= Beginning of Section =

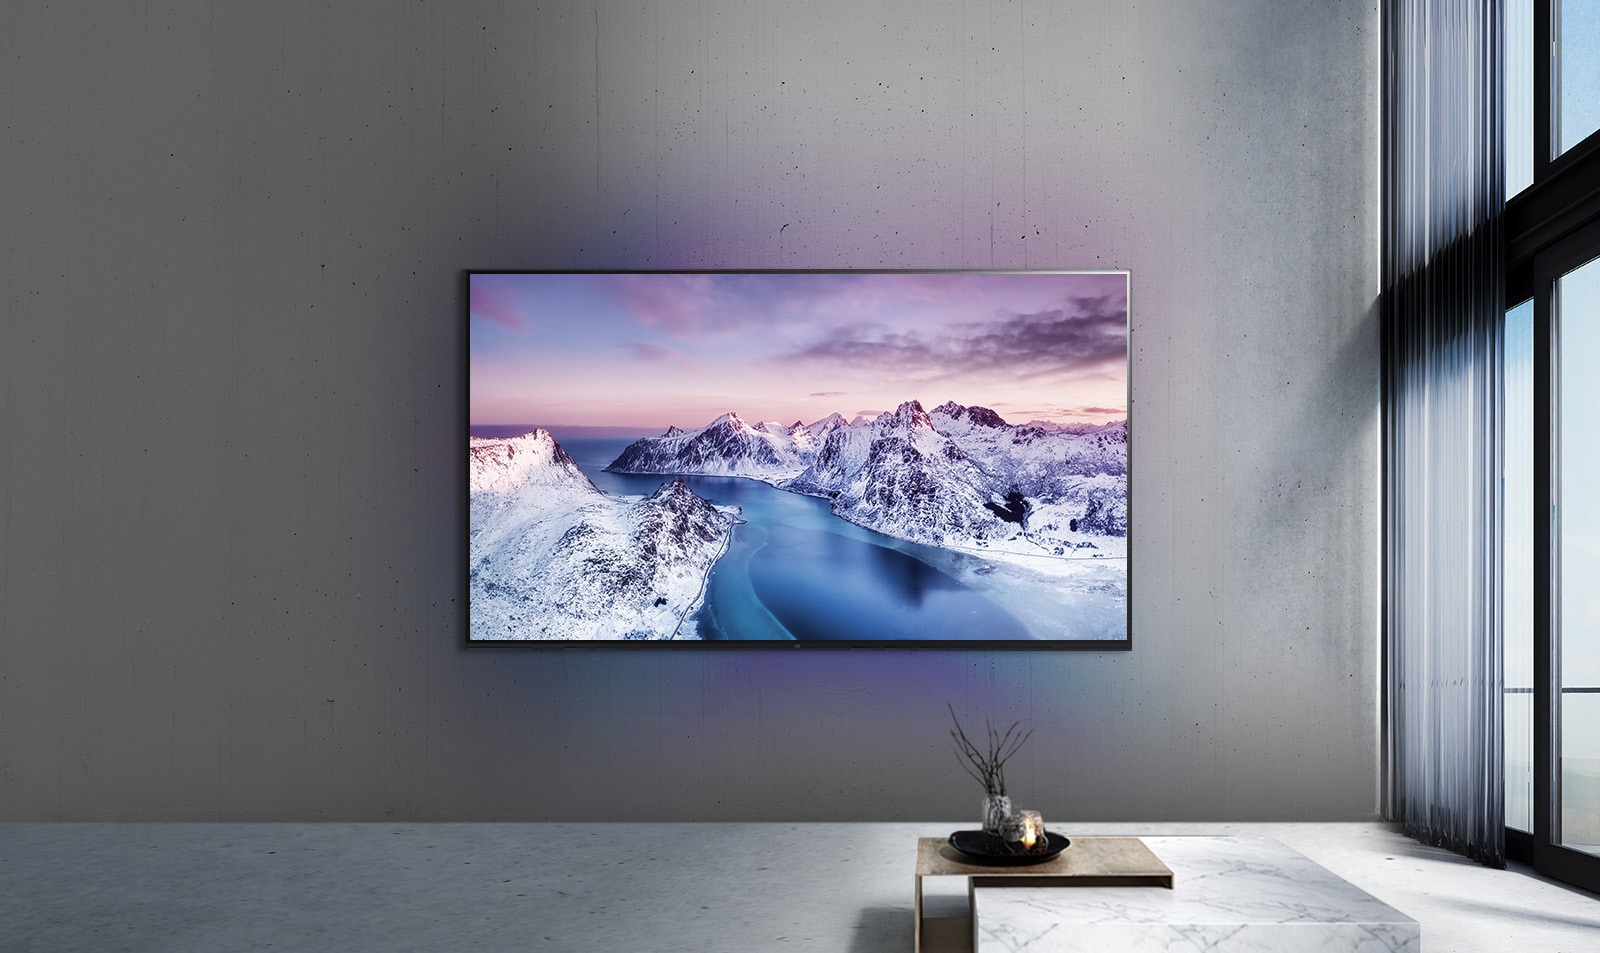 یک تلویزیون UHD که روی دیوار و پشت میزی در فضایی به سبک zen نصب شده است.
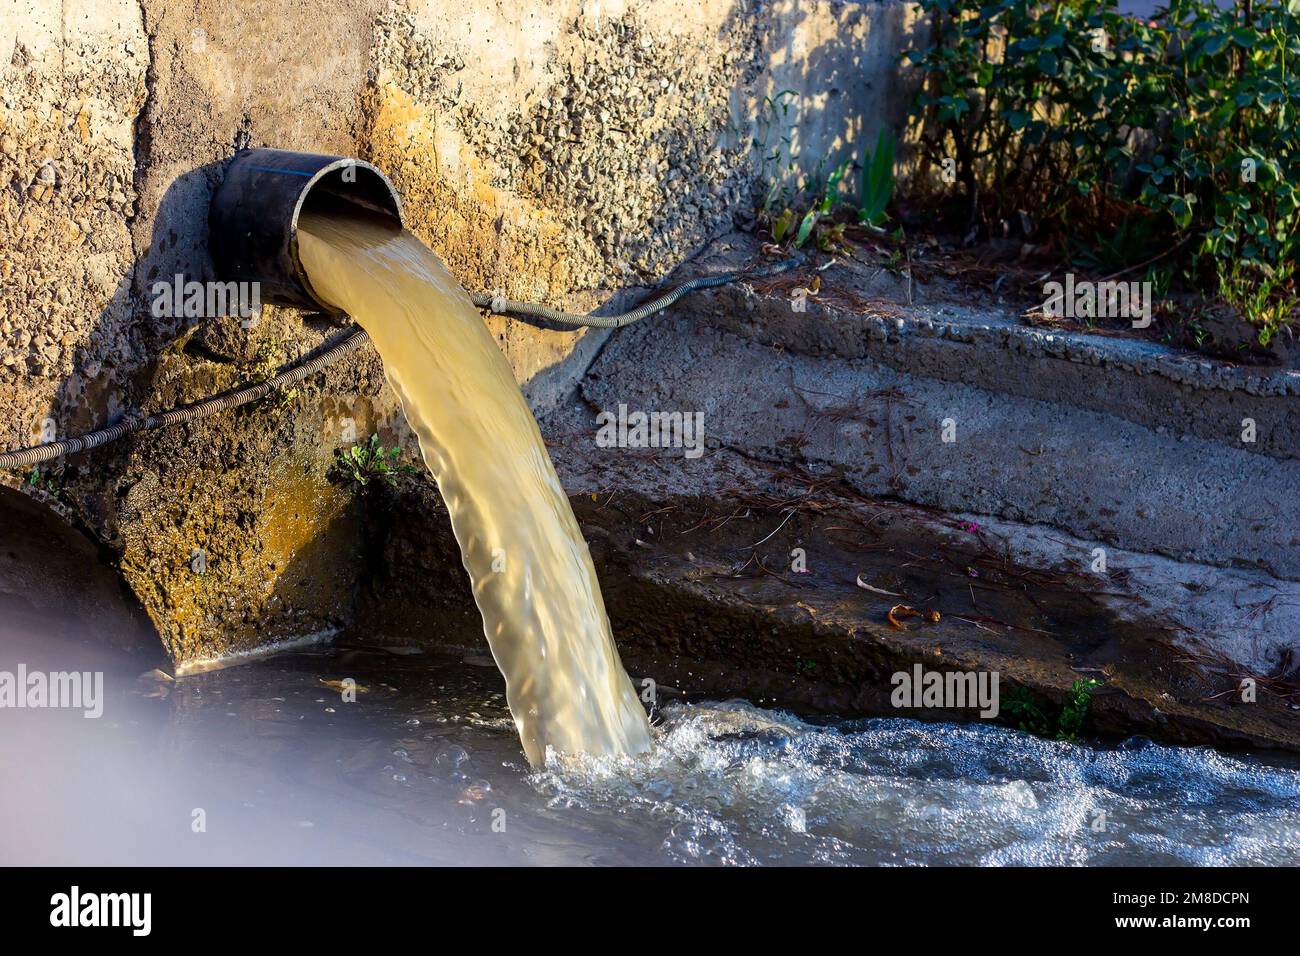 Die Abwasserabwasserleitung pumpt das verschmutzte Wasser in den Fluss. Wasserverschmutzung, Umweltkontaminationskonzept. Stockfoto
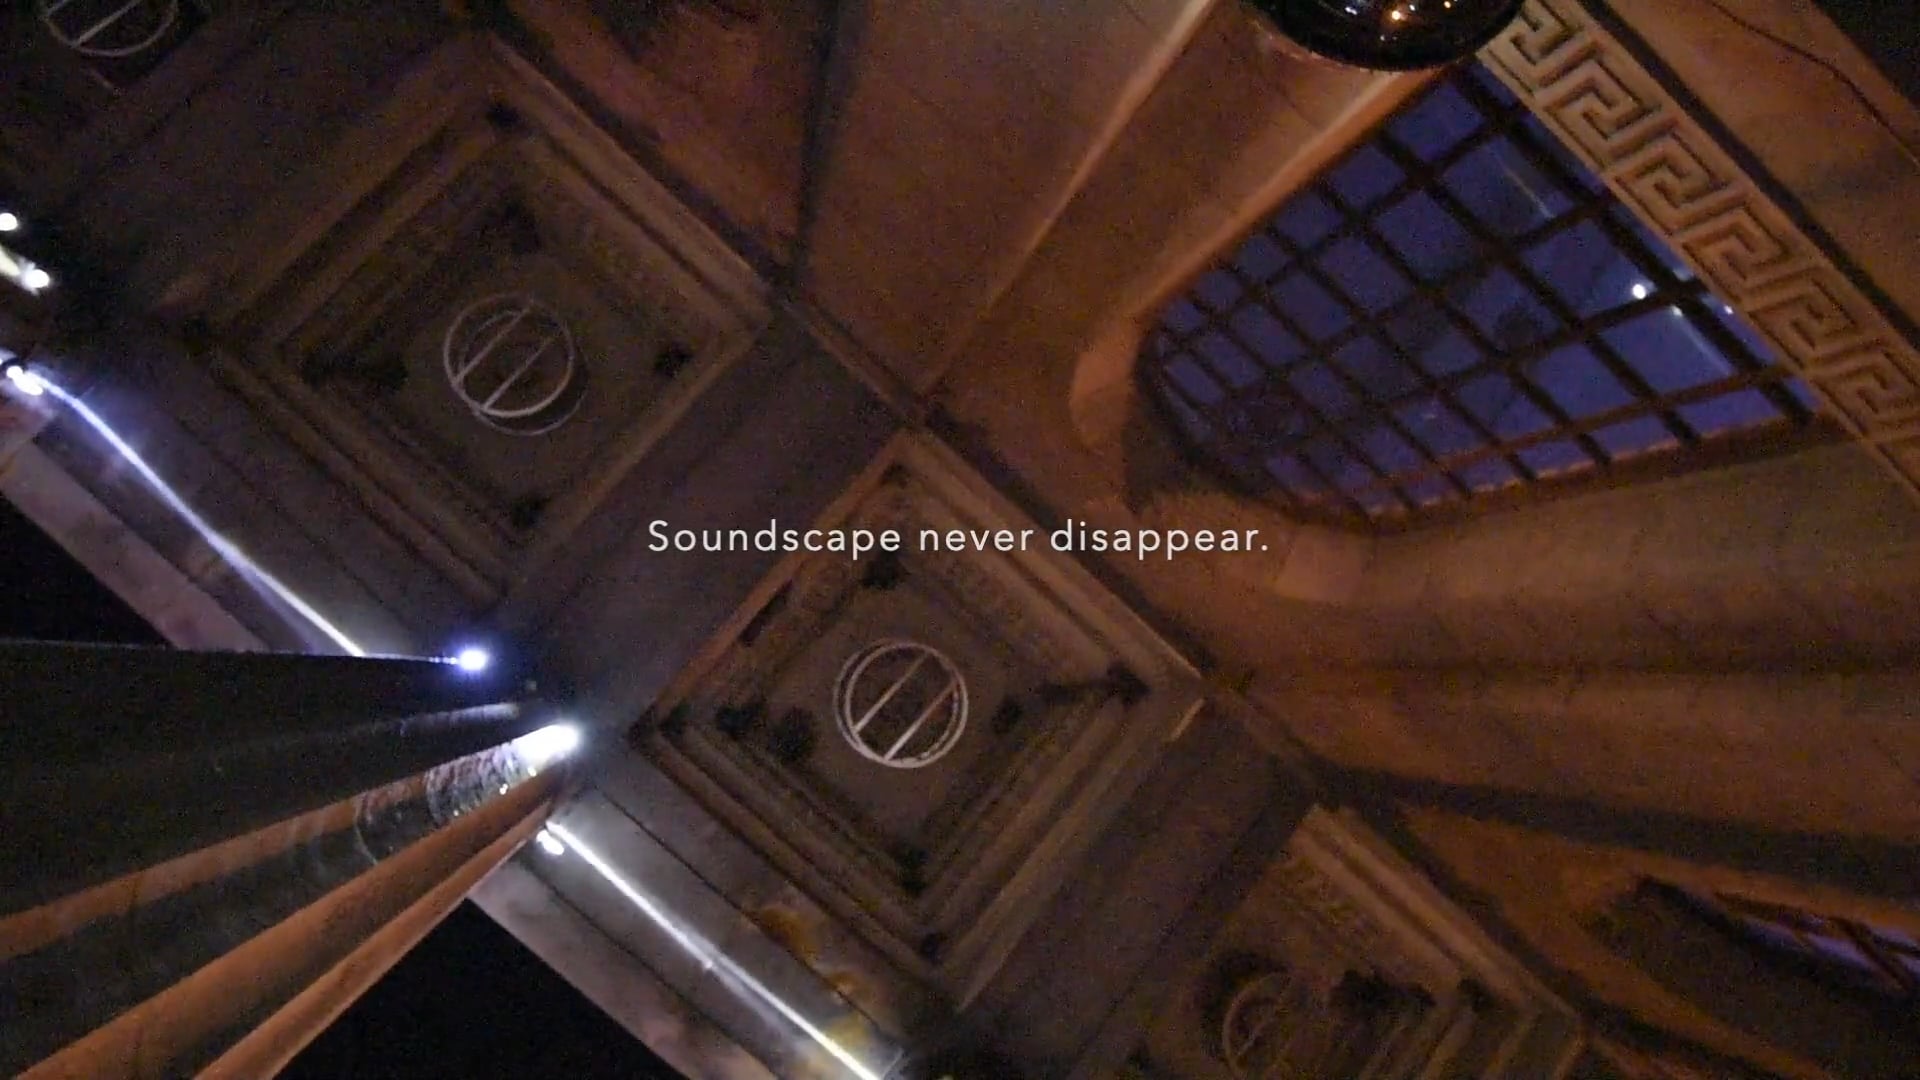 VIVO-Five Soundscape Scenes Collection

= End of Section =

#### [Your goal]
Leave out the pictures and give the listing above again exactly.

#### [Exercise result]
 یک تلویزیون UHD که روی دیوار و پشت میزی در فضایی به سبک zen نصب شده است.
 Die Abwasserabwasserleitung pumpt das verschmutzte Wasser in den Fluss. Wasserverschmutzung, Umweltkontaminationskonzept. Stockfoto
 VIVO-Five Soundscape Scenes Collection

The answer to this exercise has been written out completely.